Assistant Professor, Department of Medicine,
Roswell Park Cancer Institute,
Elm & Carlton Streets, Buffalo, NY;


Gene translocations account for most oncogenic ALK alterations discovered to date. Crizotinib is an efficacious treatment for patients with non-small cell lung cancer (NSCLC) harboring EML4-ALK translocation, but resistance eventually develops during therapy. LDK378 is a highly selective and potent inhibitor of ALK, and has demonstrated preclinical antitumor activity against tumors with acquired crizotinib resistance. In a phase I trial, LDK378 induced tumor response in 70% of patients with crizotinib-resistant NSCLC and gained Breakthrough Therapy designation from the FDA. Phase III studies evaluating LDK378 in crizotinib-naïve and crizotinib-resistant NSCLC are currently under way.

Anaplastic Lymphoma Kinase as Therapeutic Target

Anaplastic lymphoma kinase (ALK) is a receptor tyrosine kinase belonging to the insulin receptor superfamily. Structurally, the intracellular kinase domain shares close homology to that of insulin receptor (InR; 46%), insulin-like growth factor receptor- 1 (IGF-1R; 47%), and leukocyte receptor tyrosine kinase (LTK; 79%).1 The oncogenic role of ALK was first implicated with the discovery of nucleophosmin (NPM1)-ALK fusion protein in anaplastic large cell lymphoma (ALCL).2 Thereafter, several other oncogenic ALK alterations had been identified, including TPM3/4-ALK in inflammatory myofibroblastic tumor, VCL-ALK in renal medullary carcinoma, ALK mutations/amplification in neuroblastoma, and EML4-ALK in non-small cell lung cancer (NSCLC).3 The frequency of ALK rearrangements is approximately 3% to 5% of the overall NSCLC patient population.4 ALK alterations have also been reported in other cancer types including brain, breast, colon, ovarian, prostate, and esophageal.1,5,6

Crizotinib (PF-02341066) is an oral ATP-competitive small-molecule inhibitor against MET kinase and also potently inhibits ALK signaling, and the agent induced apoptosis and tumor regression in a preclinical NPM-ALK-positive ALCL model.7,8 The first-in-human crizotinib study initially focused on enrolling patients with MET-positive or ALK-positive (rearranged) tumors. The study was then amended to enrich enrollment in ALK-positive NSCLC in the expansion phase following observation of encouraging efficacy in two ALK-positive patients with NSCLC during dose escalation.9 In the expansion phase, 143 evaluable patients with ALK-positive NSCLC were enrolled to receive crizotinib 250 mg twice daily on an every-28-day cycle, which induced tumor response in 87 patients (60.8%), including 3 complete responses and 84 partial responses.10 The median duration of response was 49.1 weeks. The most common grade 3 or 4 adverse events (AEs) were neutropenia, elevated alanine aminotransferase, hypophosphatemia, and lymphopenia. Crizotinib was compared with cytotoxic chemotherapy (pemetrexed or docetaxel) in the phase III PROFILE 1007 trial in patients with ALK-positive, locallyadvanced or metastatic NSCLC with one prior platinum- based treatment, and the agent demonstrated superior progression-free survival (PFS; 7.7 months vs 3.0 months;hazard ratio [HR]=0.49; P<.001) and response rate ([RR], 65% vs 20%; P<.001).11 The success of crizotinib demonstrated the feasibility in targeting oncogenic ALK signaling using a small-molecule inhibitor, which led to an interest in developing other potent ALK inhibitors, particularly those that can overcome acquired resistance to crizotinib.

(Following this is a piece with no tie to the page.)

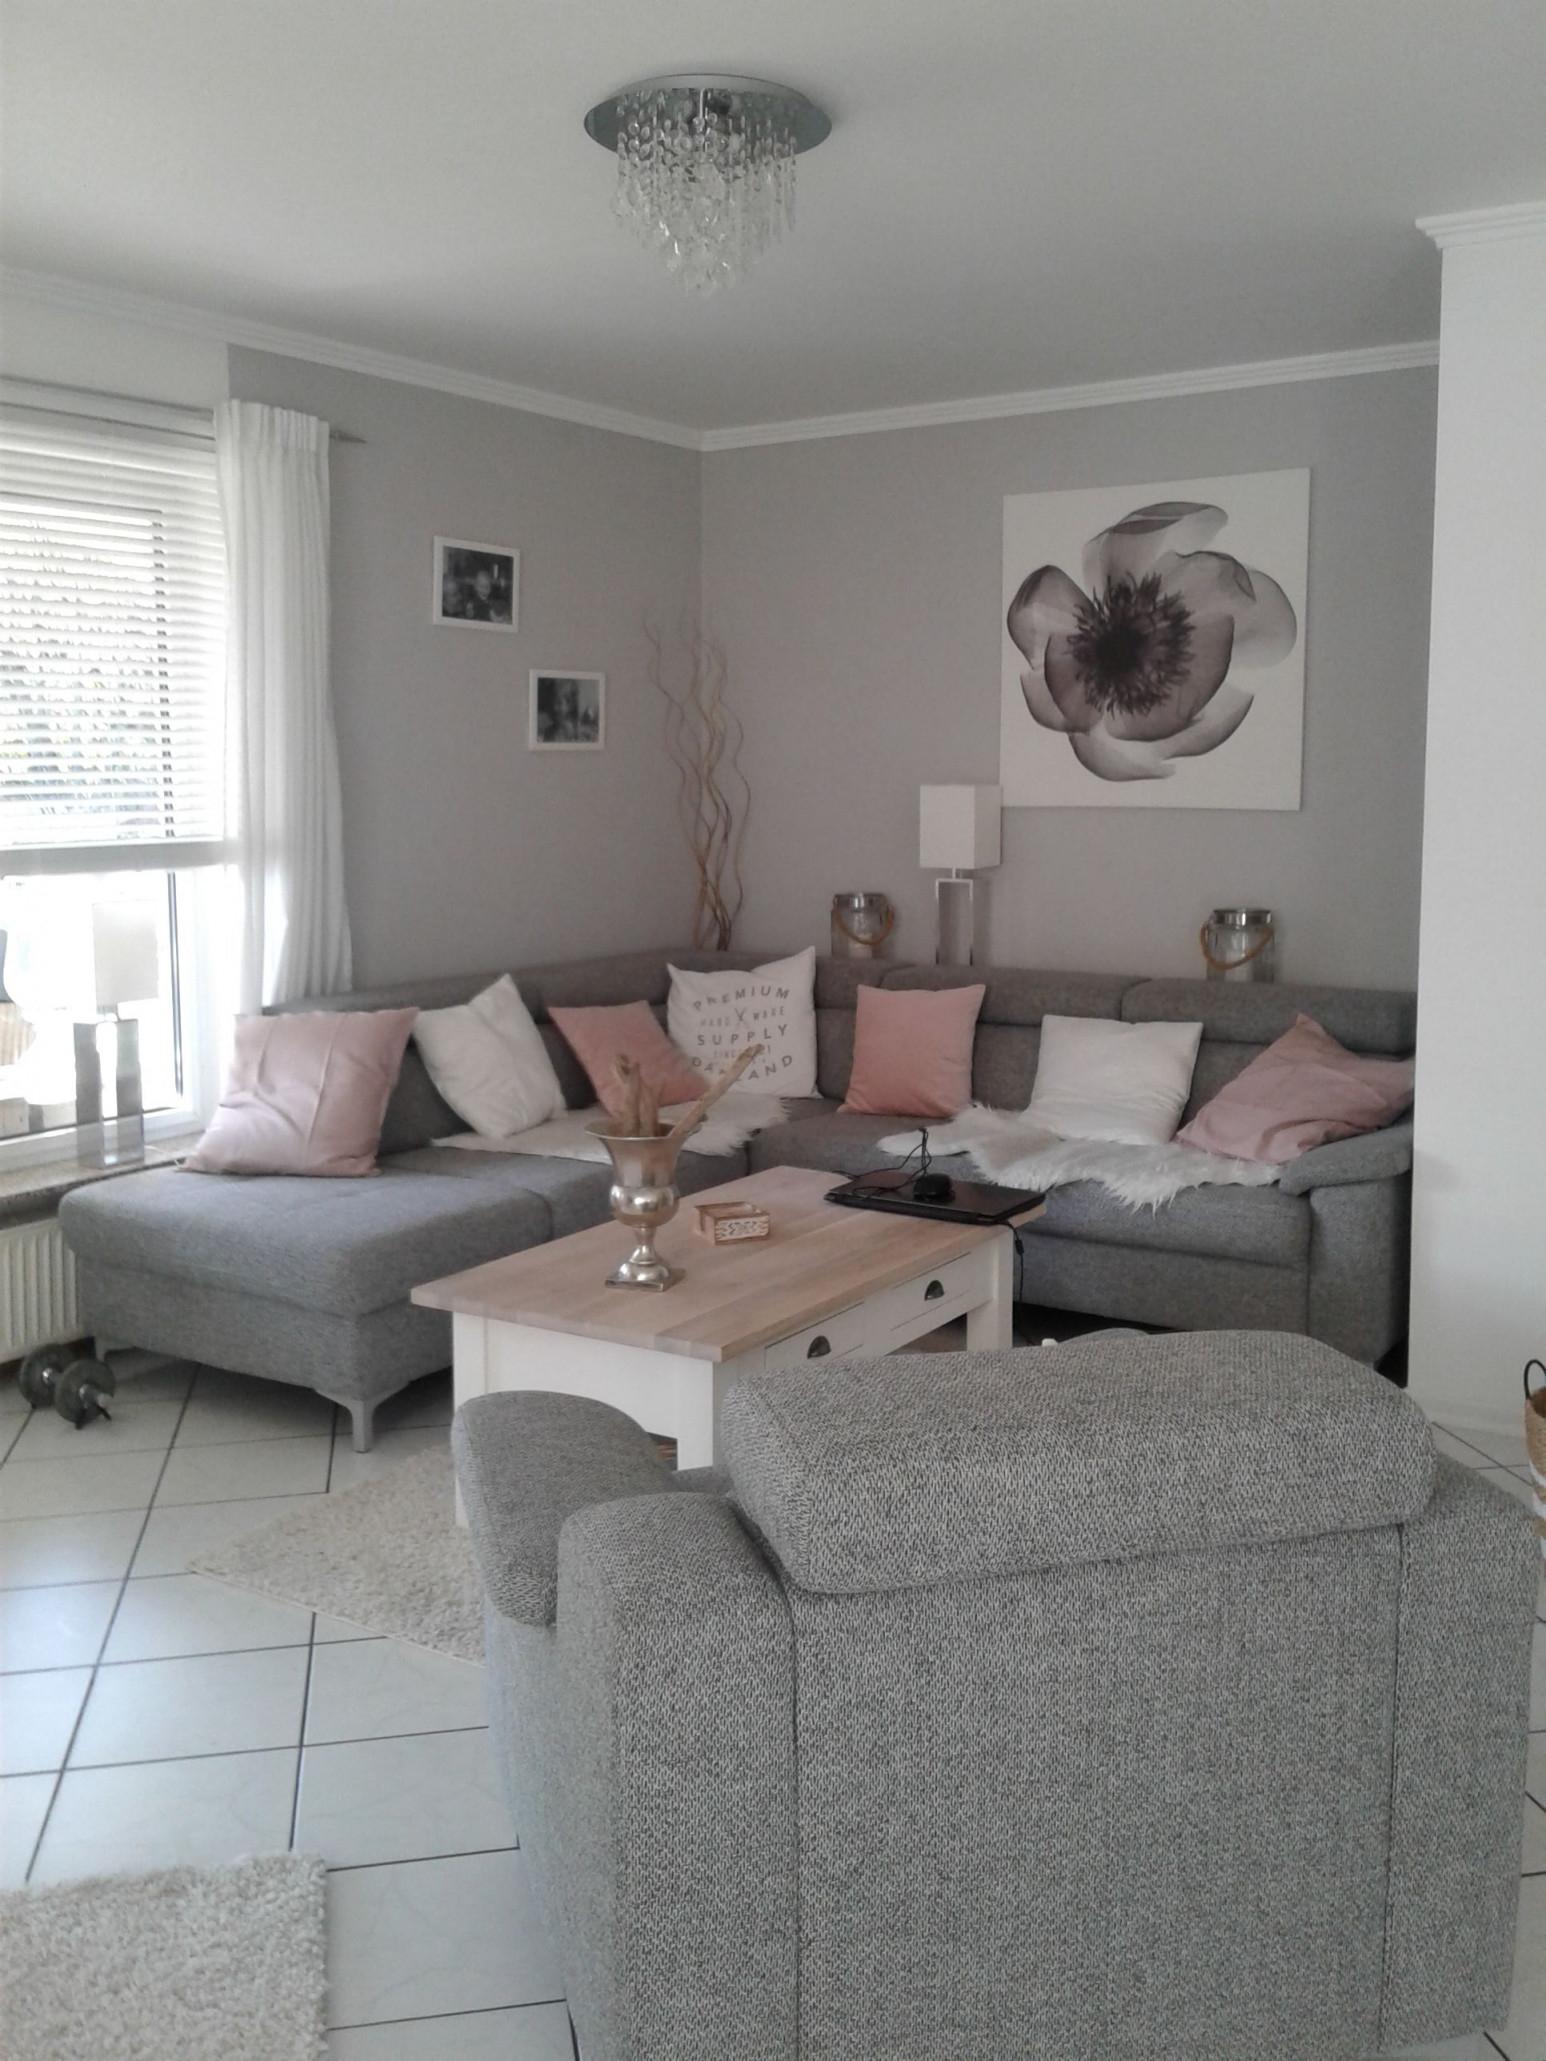 Wohnzimmer In Grau Weiß Und Farbtupfer In Matt Rosa von Wohnzimmer In Weiss Gestalten Bild

LDK378—A Next-Generation ALK Inhibitor

LDK378 is a highly-selective potent ALK inhibitor optimized from Novartis’ previous lead compound TAE684.12 In kinase assays, LDK378 potently inhibited ALK (IC50 of 200 pM) but not cMET (IC50s of 3.17 μM). Other kinases that were inhibited by LDK378 below 100 nM, were IGF-1R, InR, and STK22D with IC50’s 8, 7, and 23 nM respectively. However, the potent biochemical inhibition of IGF-1R and InR were not reproducible in cellular kinase assay. LDK378 also did not affect insulin levels or glycemic control in a mouse model, with multiple dosing at pharmacologically active dosages tested, which was consistent with results from the cellular kinase assay. In a preclinical cancer model, tumor regression in xenografts derived from NCI-H2228 carrying EML4-ALK fusion gene and correlates with inhibition of STAT3 phosphorylation. LDK378 was also efficacious in NCI-H2228 that was induced to become resistant to crizotinib that carried the ALK C1156Y mutation found in crizotinib-relapsed patients.13 As such, LDK378 is an attractive potential treatment option in both crizotinib-naïve and crizotinib-resistant ALK-translocated NSCLC.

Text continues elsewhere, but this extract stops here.